EXERCISE DETAILS - The pictures must be left out, while the rest of the data is copied exactly.

Segment Start: DATA EXCERPT

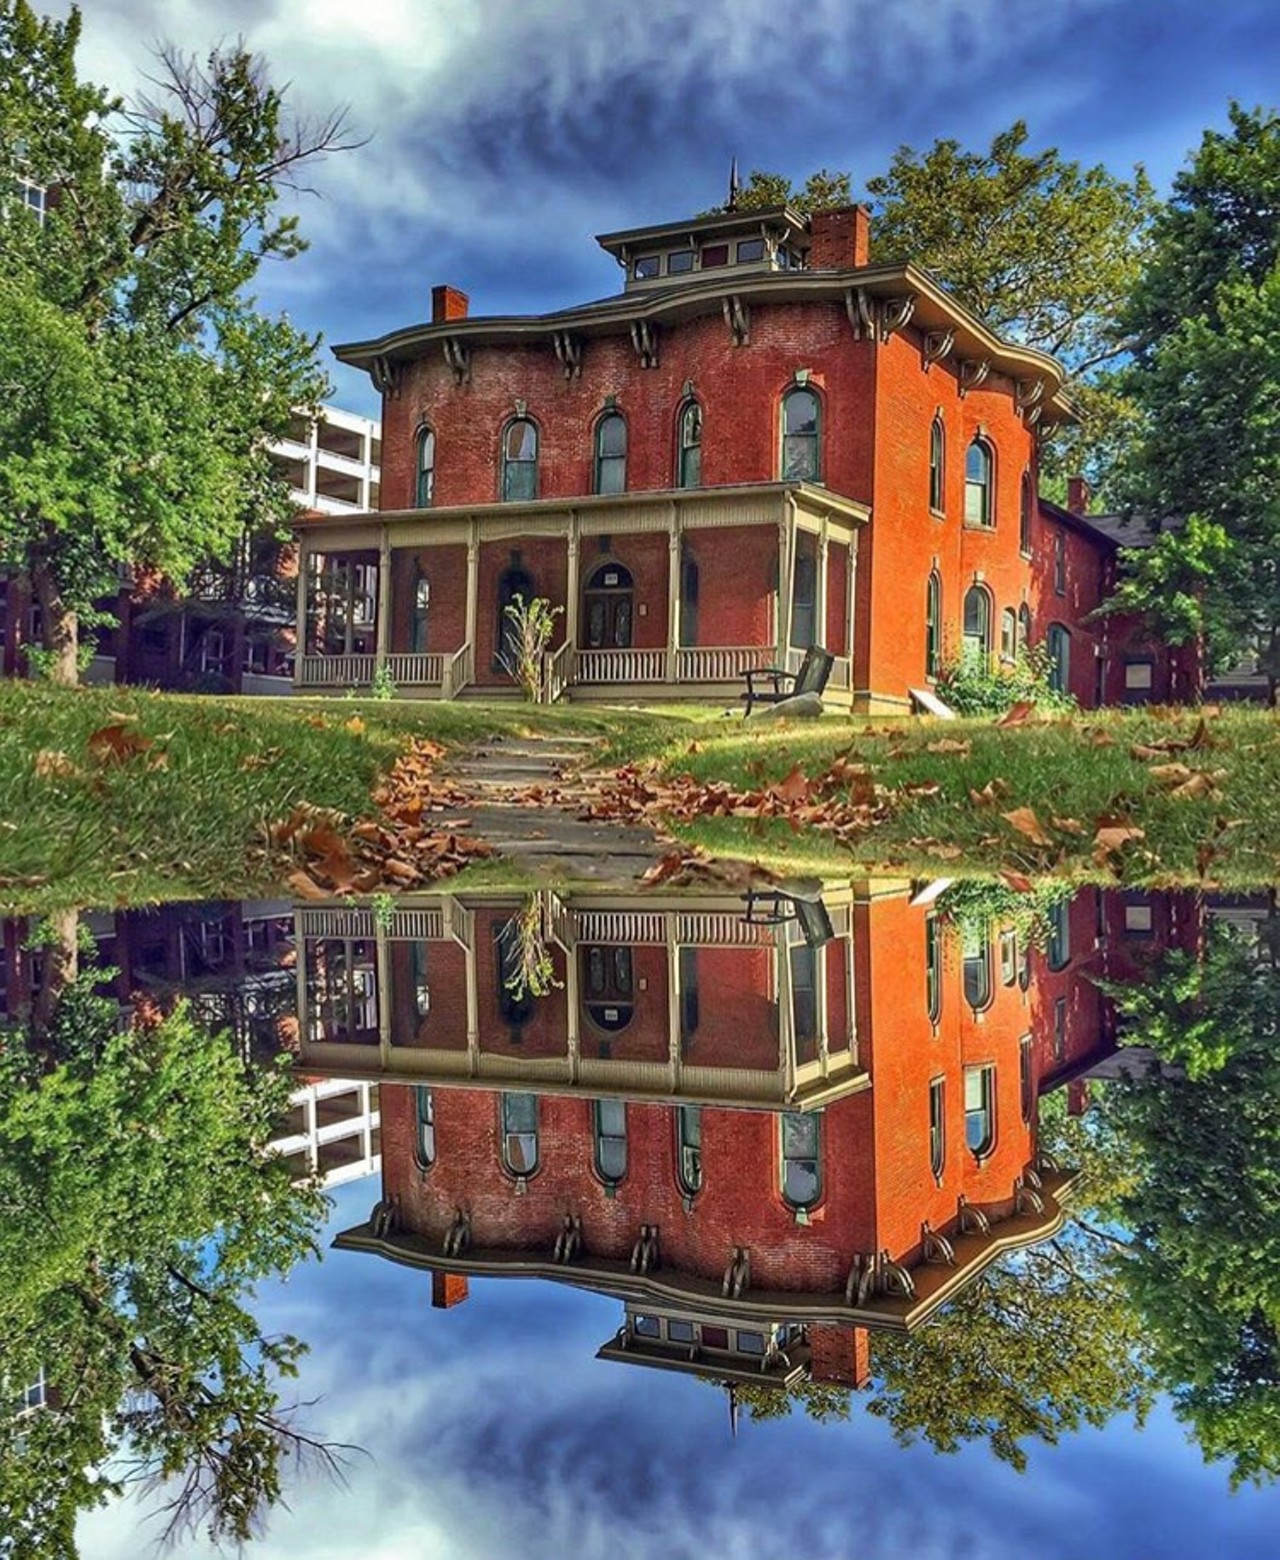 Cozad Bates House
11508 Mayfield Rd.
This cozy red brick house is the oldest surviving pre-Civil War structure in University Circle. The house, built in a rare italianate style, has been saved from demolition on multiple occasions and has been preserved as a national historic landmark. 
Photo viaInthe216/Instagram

Segment End: DATA EXCERPT

SOLUTION TO THIS TASK -
 Cozad Bates House
11508 Mayfield Rd.
This cozy red brick house is the oldest surviving pre-Civil War structure in University Circle. The house, built in a rare italianate style, has been saved from demolition on multiple occasions and has been preserved as a national historic landmark. 
Photo viaInthe216/Instagram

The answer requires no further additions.